2. Recent Advances in Speech LLMs

(1) Evolution of Speech LLMs Architectures

Challenges in the field of SLU

  • (1) Long-form speech understanding
  • (2) Hotword recognition

\(\rightarrow\) Begun to explore the integration of “LLMs into SLU”


a) Transformer + (Traditional) Speech Models

[1] Speech-Transformer (Dong et al. (2018))

( Title: A no-recurrence sequence-to-sequence model for speech recognition )

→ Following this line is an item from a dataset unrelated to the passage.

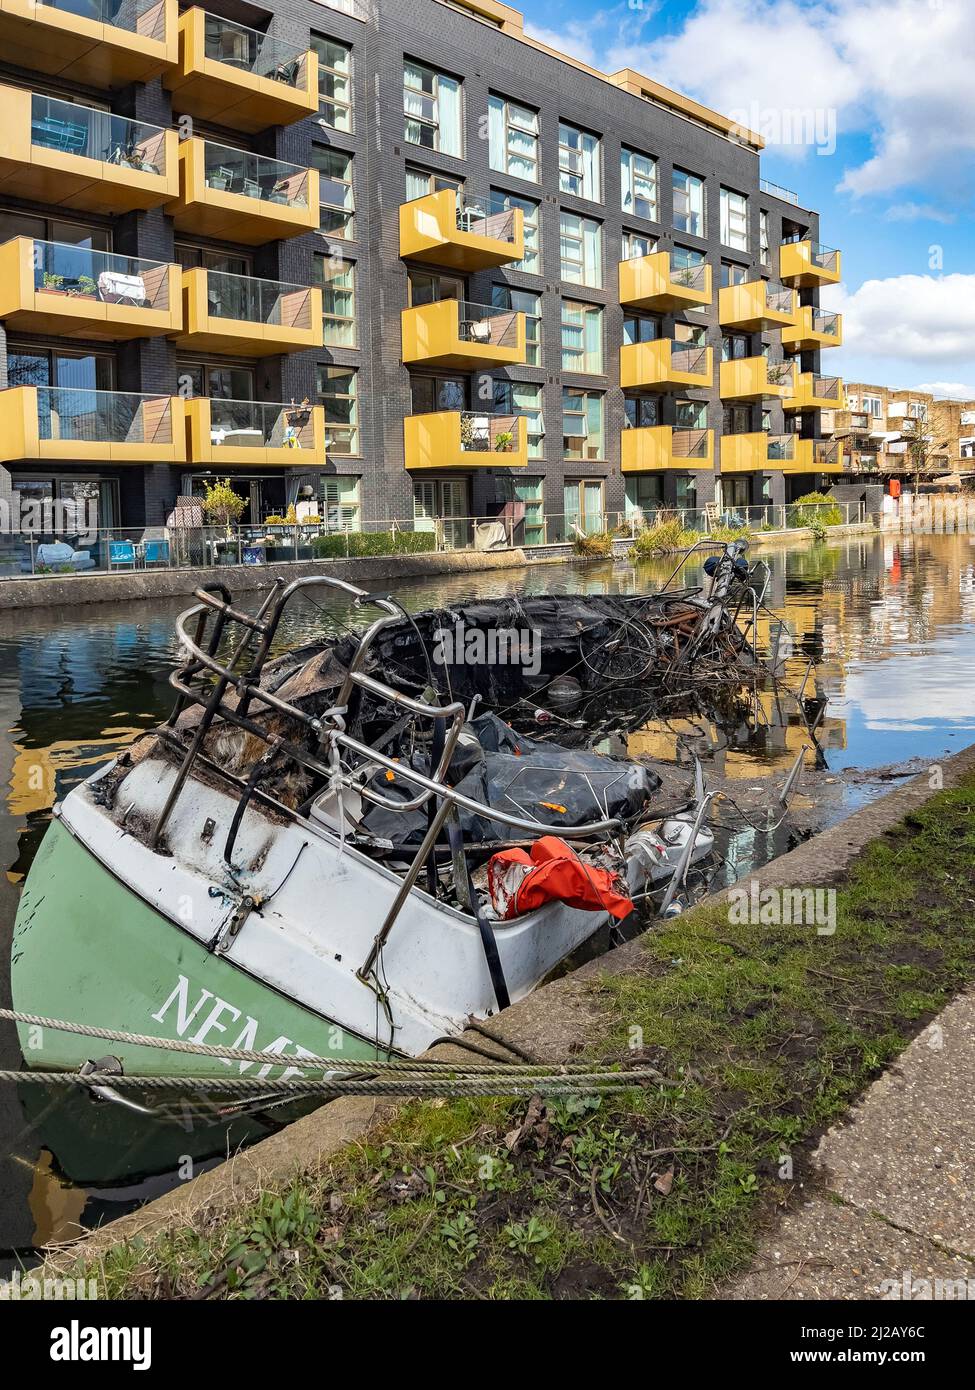 Ausgebrannte und verlassene Boote auf einem Canal Grande in der Nähe des Little Venice-Gebiets im Zentrum von London, Großbritannien. Stockfoto

  • (1) Task: Speech Recognition

  • (2) Idea: End-to-end speech recognition system based on the Transformer


[2] Conformer (Gulati et al. (2020))

( Title: Conformer: Convolution-augmented Transformer for Speech Recognition )

  • (1) Task: Speech Recognition

  • (2) Idea: Combines CNN with Transformer
    • Transformer: Capture content-based “global” interactions
    • CNN: Exploit “local” features
  • (3) Results: Make the Transformer more robust in processing speech signals!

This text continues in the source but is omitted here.